Le imprese con almeno 50 dipendenti devono rendere accessibili anche i criteri adottati per la progressione economica dei lavoratori, ove esistenti. Diventa quindi necessario verificare la coerenza delle politiche relative ad aumenti, premi, bonus, benefit e componenti variabili, individuando preventivamente eventuali elementi che possano produrre disparità indirette.
Ogni lavoratore può chiedere e ricevere per iscritto, entro due mesi, informazioni sul proprio livello retributivo e sui livelli medi, ripartiti per sesso, delle categorie che svolgono lo stesso lavoro o un lavoro di pari valore. La richiesta può essere presentata anche tramite i rappresentanti dei lavoratori o gli organismi di parità, ma non più di una volta all’anno.
Il datore deve informare annualmente il personale dell’esistenza di questo diritto e delle modalità per esercitarlo. Se i dati comunicati risultano incompleti o imprecisi, il lavoratore può chiedere ulteriori chiarimenti, ai quali deve essere fornita una risposta motivata.
Sono inoltre vietate le clausole contrattuali che impediscono ai dipendenti di rendere nota la propria retribuzione. Resta, tuttavia, necessario salvaguardare la riservatezza dei dati riferibili agli altri lavoratori: le informazioni ottenute possono essere utilizzate esclusivamente per esercitare il diritto alla parità retributiva e non devono consentire di conoscere le condizioni economiche individuali di soggetti identificabili.
Gli obblighi di comunicazione del divario retributivo interessano i datori di lavoro con almeno 100 dipendenti, secondo scadenze differenziate.
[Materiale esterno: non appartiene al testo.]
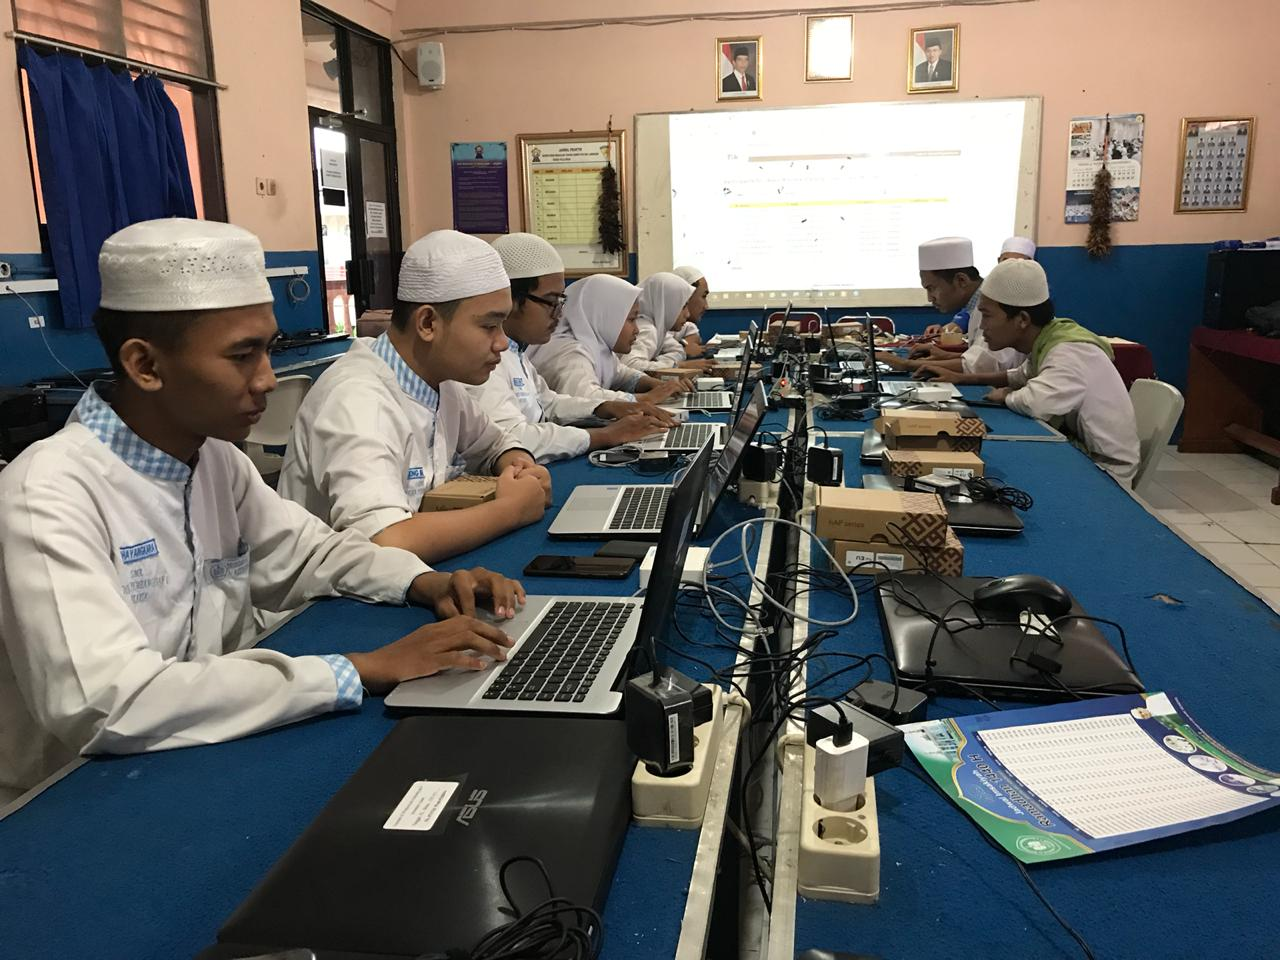 Mikrotik Academy Opening Class Workshop Mikrotik Academy SMK Dinamika Pembangunan 1 Jakarta Batch 1

Le imprese da 100 a 149 dipendenti dovranno raccogliere i dati entro il 7 giugno 2031 e successivamente ogni tre anni; quelle da 150 a 249 dipendentientro il 7 giugno 2027 e poi ogni tre anni; le organizzazioni con almeno 250 dipendenti entro il 7 giugno 2027 e successivamente ogni anno.
Le comunicazioni riguarderanno, tra gli altri elementi, il divario retributivo medio e mediano, le componenti variabili, la distribuzione di donne e uomini nei quartili retributivi e le differenze registrate nelle singole categorie di lavoratori.
Se emerge una differenza media di almeno il 5% in una categoria, non giustificata da criteri oggettivi e neutrali e non corretta entro sei mesi, il datore deve svolgere con i rappresentanti dei lavoratori una valutazione congiunta delle retribuzioni e adottare le misure necessarie a rimuovere lo squilibrio.
Per il presidente del CNDCEC, Elbano de Nuccio, la riduzione del divario retributivo costituisce non soltanto un obiettivo di giustizia sociale, ma anche un fattore di crescita economica, qualità della governance e sviluppo sostenibile.
I commercialisti saranno chiamati ad affiancare le imprese nella mappatura delle categorie professionali, nella revisione dei sistemi di classificazione, nella misurazione dei divari e nel coordinamento tra obblighi normativi, certificazione di genere e rendicontazione ESG.
Il CPON propone, in particolare, di uniformare il metodo di calcolo dei dati richiesti dal d.lgs. n. 96/2026 con quelli utilizzati per il rapporto biennale, la UNI/PdR 125, le comunicazioni alle Consigliere regionali di parità e il bilancio ESG. Un modello comune permetterebbe di evitare duplicazioni e difformità, lasciando alle organizzazioni la facoltà, e non l’obbligo, di adottare metodi alternativi.
La richiesta è accompagnata dalla proposta di predisporre linee guida operative e semplificazioni per le realtà di minori dimensioni. L’obiettivo è trasformare la trasparenza retributiva da mero adempimento formale in uno strumento di organizzazione, prevenzione del contenzioso e valorizzazione del capitale umano.